Why would Spark fail to bind to a public EC2 address?
Upvotes: 3
Views: 435
Reputation: 11
I had the same problem using Oracle Cloud Instance. My private IP is like 10.x.x.2 and my public IP is like 140.x.x.238.
Here are some steps you can follow:
Check your private IP address
Using command ifconfig
to find out the address of your network card
ens3: flags=4163<UP,BROADCAST,RUNNING,MULTICAST> mtu 9000
inet 10.x.x.2 netmask 255.255.255.0 broadcast 10.0.0.255
inet6 fe80::17ff:fe00:7cf9 prefixlen 64 scopeid 0x20<link>
ether 02:00:17:00:7c:f9 txqueuelen 1000 (Ethernet)
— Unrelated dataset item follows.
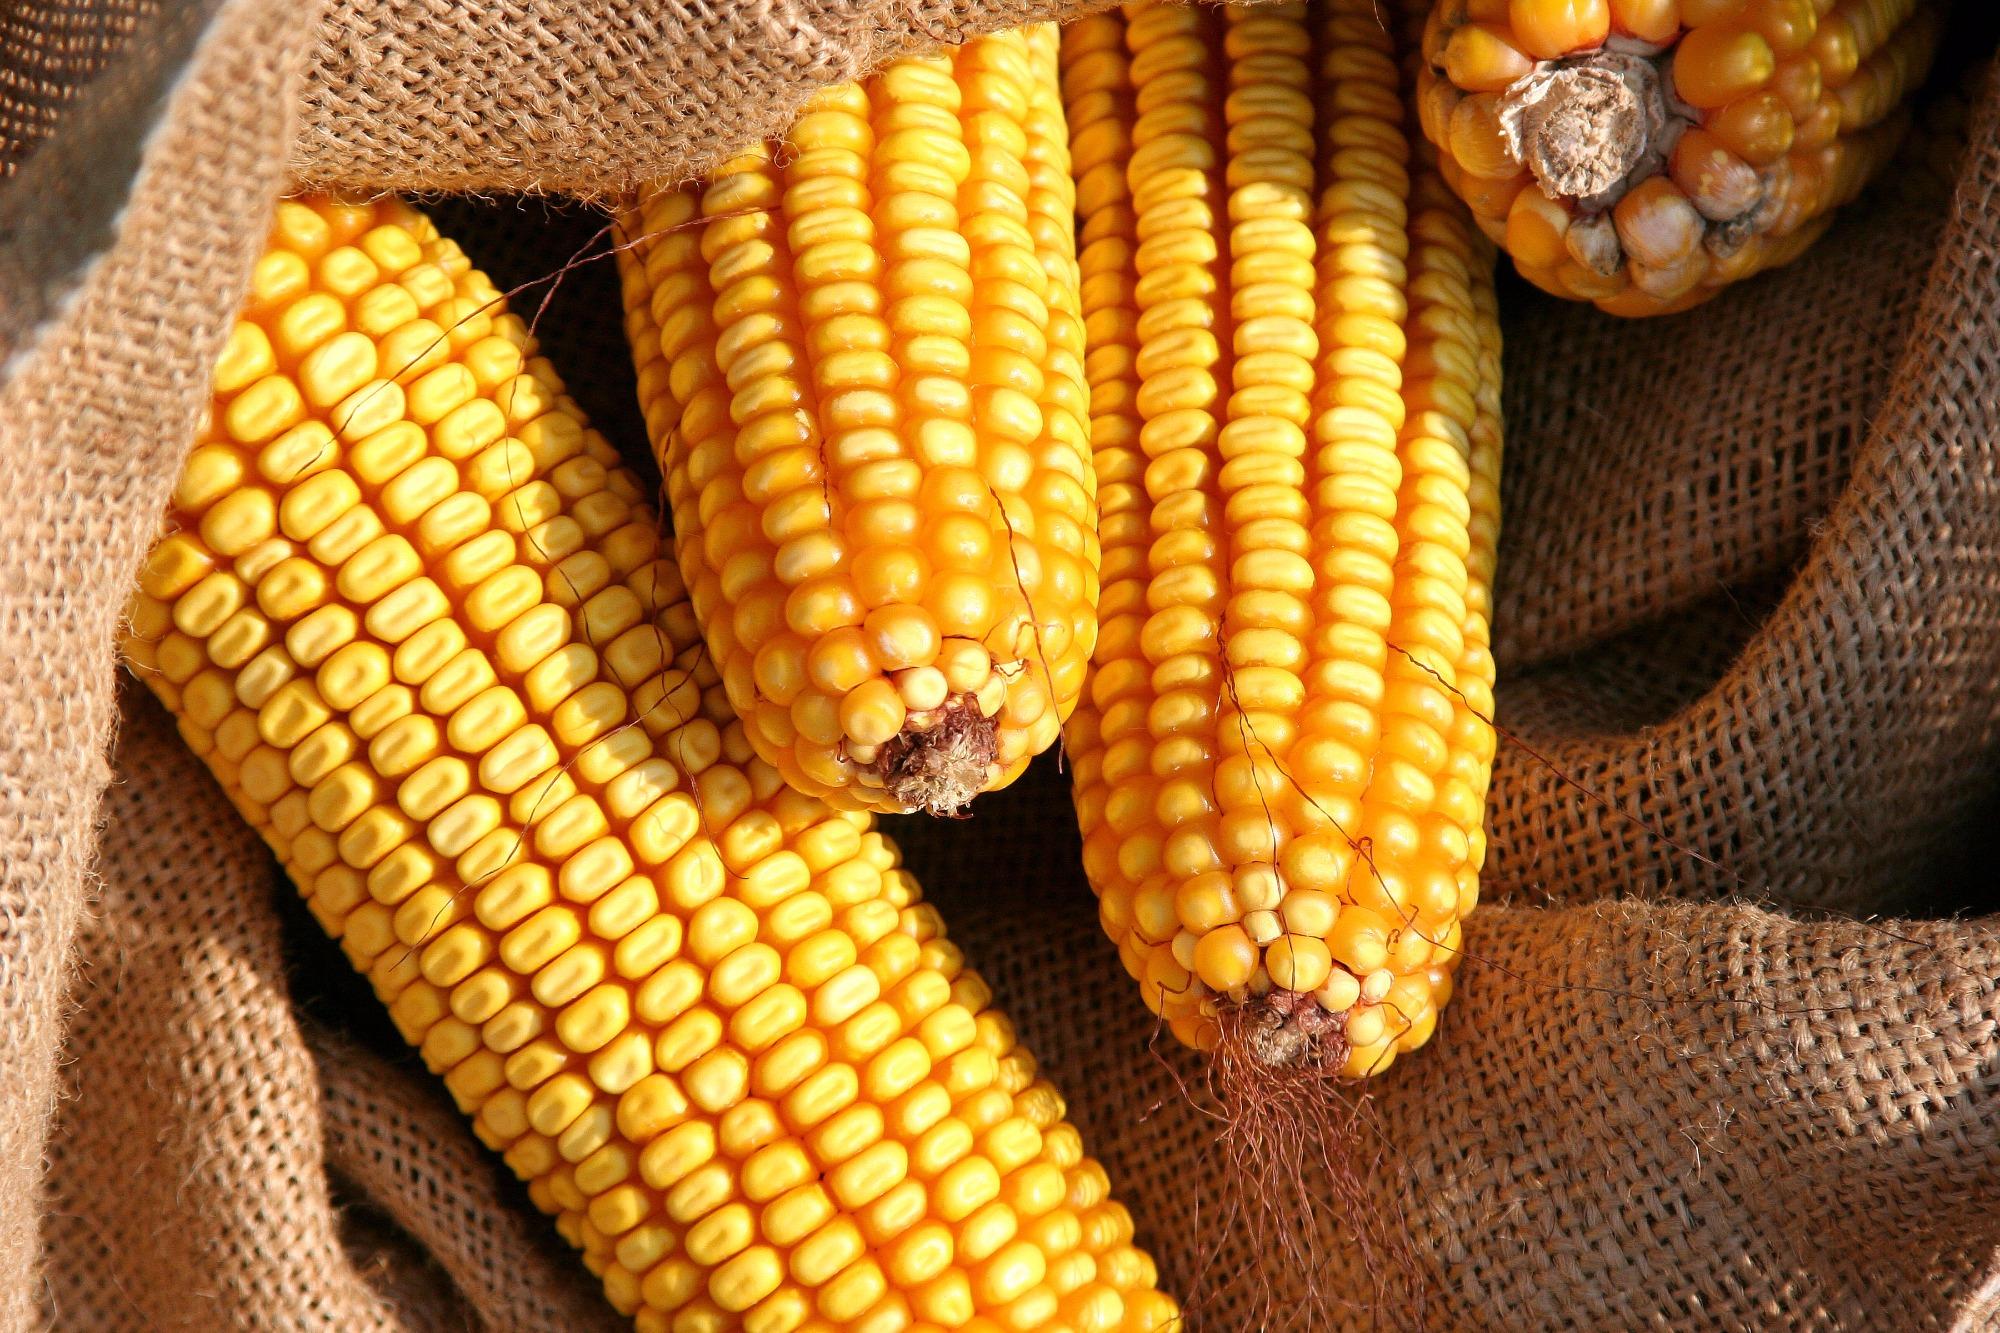 Retração vendedora e baixa liquidez sustentam altas do milho, aponta Cepea

RX packets 146457 bytes 61901565 (61.9 MB)
RX errors 0 dropped 0 overruns 0 frame 0
TX packets 142865 bytes 103614447 (103.6 MB)
TX errors 0 dropped 0 overruns 0 carrier 0 collisions 0
SPARK_LOCAL_IP=127.0.0.1
SPARK_MASTER_IP=YOUR_HOST_NAME
Change hosts file
In Ubuntu 18.04, modify /etc/hosts
Remove something like127.0.1.1 YOUR_HOST_NAME
Change 140.x.x.238 YOUR_HOST_NAME
to 10.x.x.2 YOUR_HOST_NAME
in my case
Upvotes: 1
Reputation: 5951
Try setting the environment variable SPARK_LOCAL_IP=54.xx.xx.xx
reference the first SO answer to a similar problem here.